Interpreting truth from lie from exaggeration is largely left to the viewer for most of the film.  Until around the two-thirds mark, when Daniel drops a bombshell about his stepfather that makes his own believability plummet through the floor.  As investigative reporter Laura DiDio listens to this outrageous claim, she breaks eye contact with Daniel for the first time and wears a look on her face revealing newfound doubt.

Similarly, famed demonologist Lorraine Warren does little to assuage concerns about her reputation in a tour of her home that looks like a special black magic edition of “Hoarders.”  While her pet roosters squawk from the kitchen, Lorraine produces a relic she claims to be an authentic wood splinter from the cross of Christ.  History does not agree if Jesus truly existed, so the provenance of this particular item is already eligible for debate.  But Daniel reverently kisses it without a question as tears well in his eyes.
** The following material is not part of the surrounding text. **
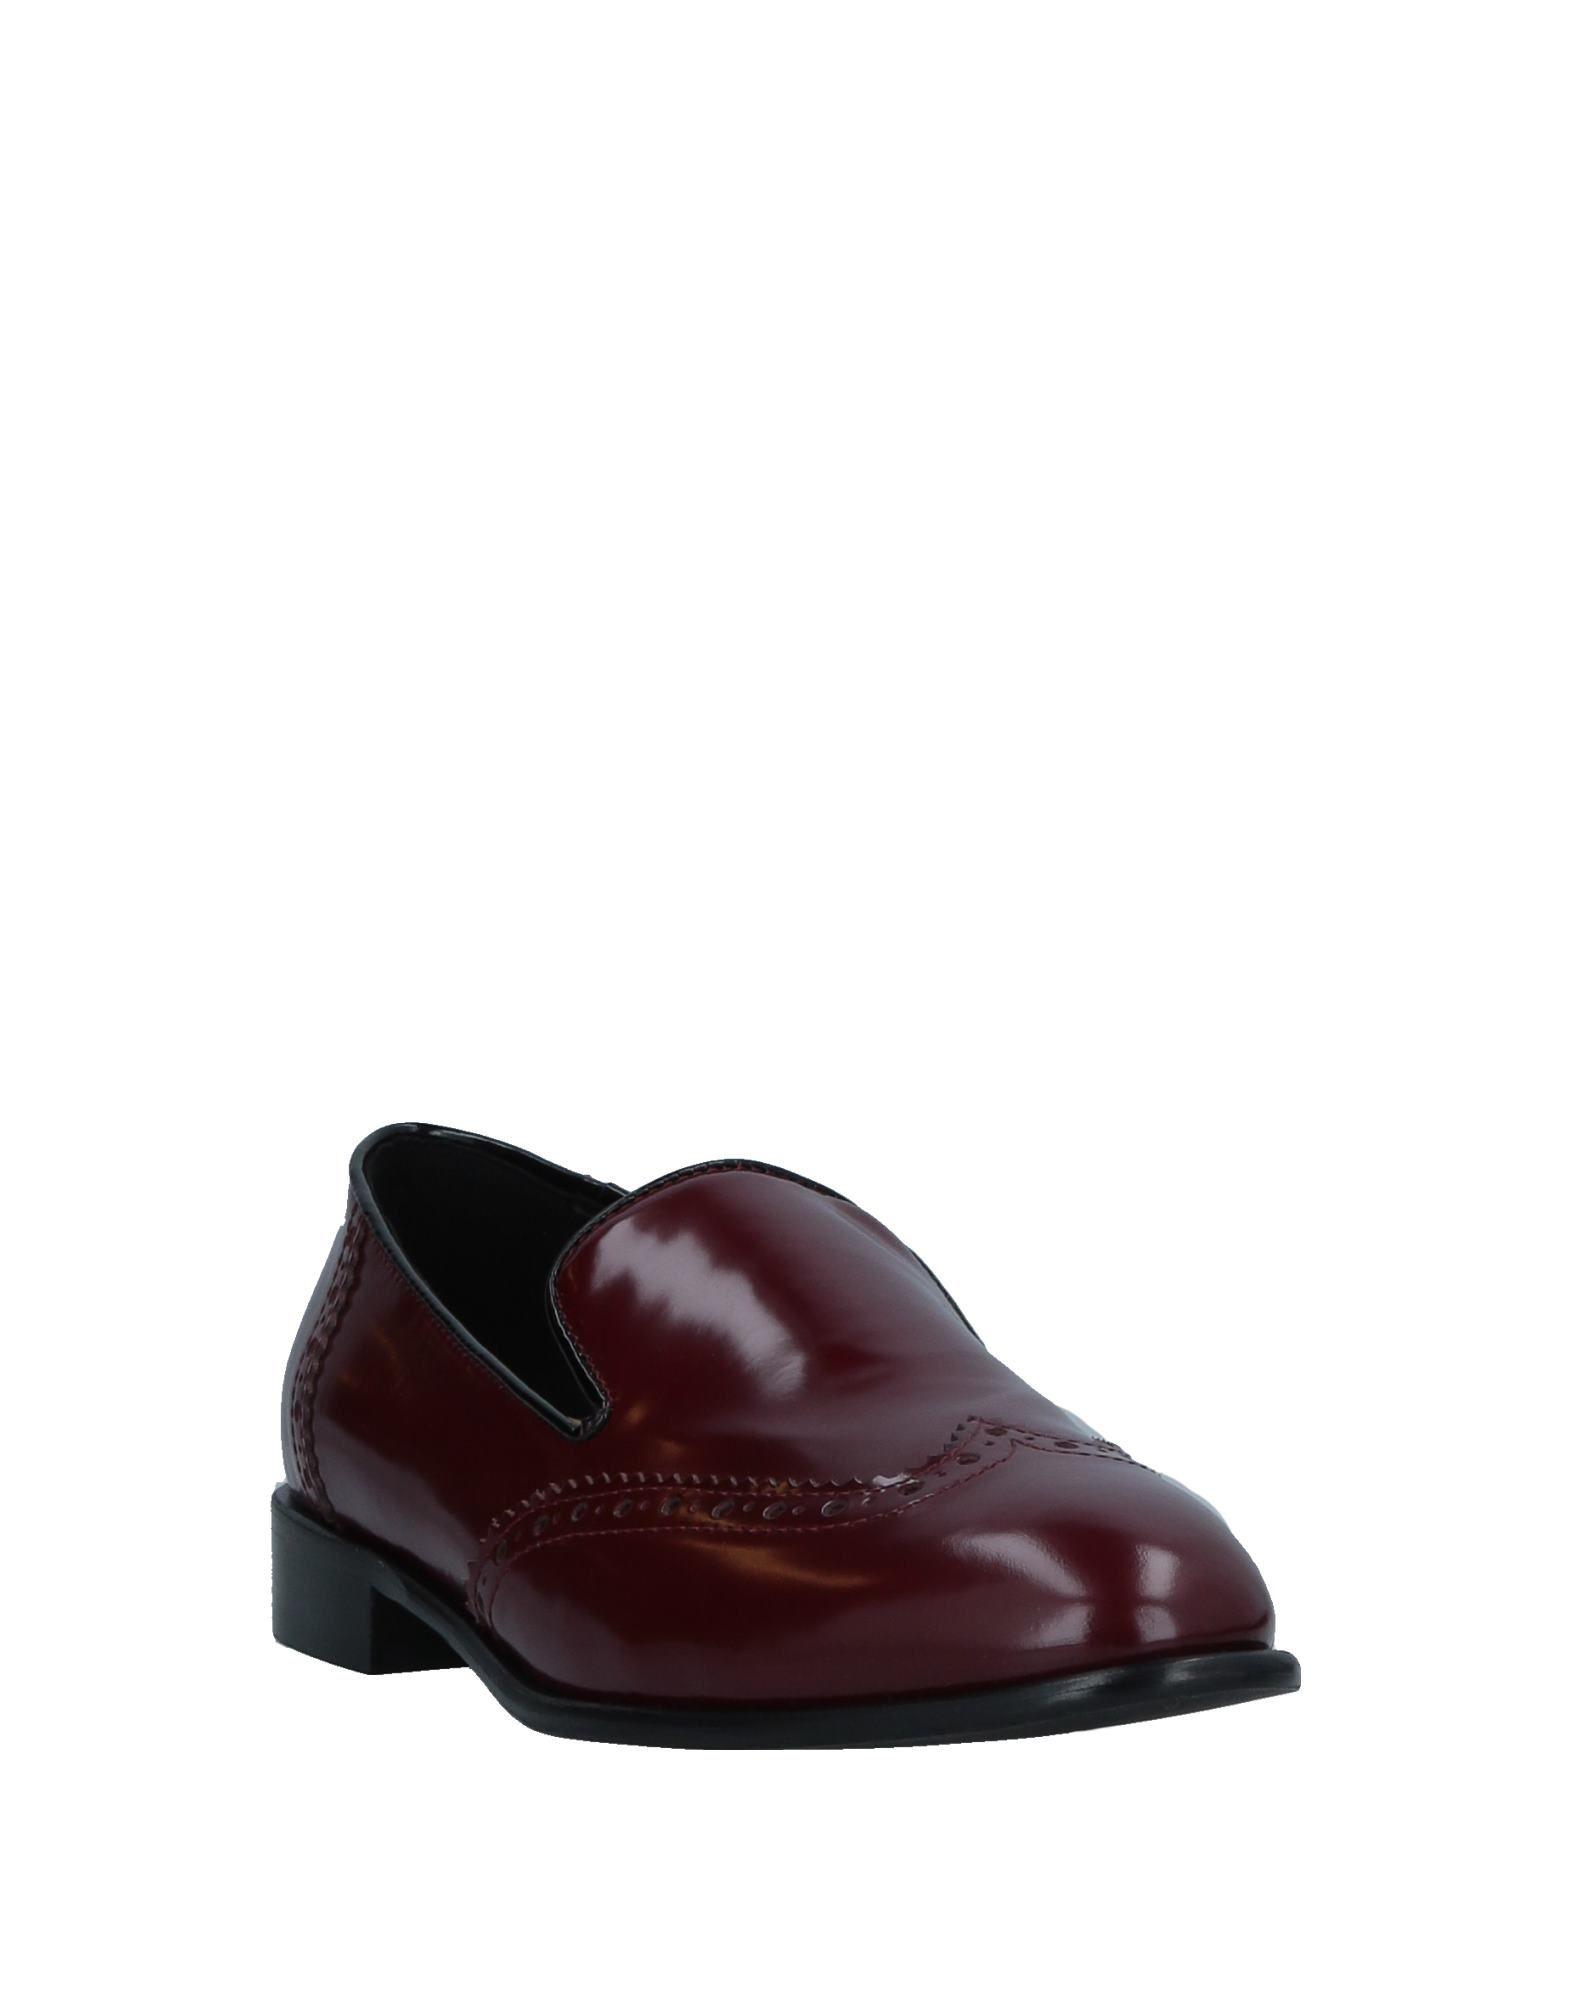 Fabio Rusconi Mokassins Damen 11532248KH  11532248KH Damen Gute Qualität beliebte Schuhe 2a3c1f

The rest of the blanks are filled in by various journalists and academics that detail the haunting and discuss how true the story may actually be.  Their observations are insightful, though no one goes on the record about fact versus fiction with any real conviction.  Some ancillary personalities are dead weight, such as psychologist Susan Bartell.  Wearing a Marcia Clark perm circa the O.J. Simpson trial, Bartell’s idea of therapy is to interrupt Daniel’s every sentence by saying “okay” or “right.”

George Lutz’s version of events suffered from credibility issues because there were nagging questions about his motivation.  With Daniel, his motivation is much muddier.  And after seeing “My Amityville Horror,” it is unlikely that any viewer will be any closer towards knowing what to believe.  It may be that as a treatise on the “true story,” this film accomplishes little.  But as the story of an emotionally damaged boy in the psyche of a grown man, “My Amityville Horror” has much to offer.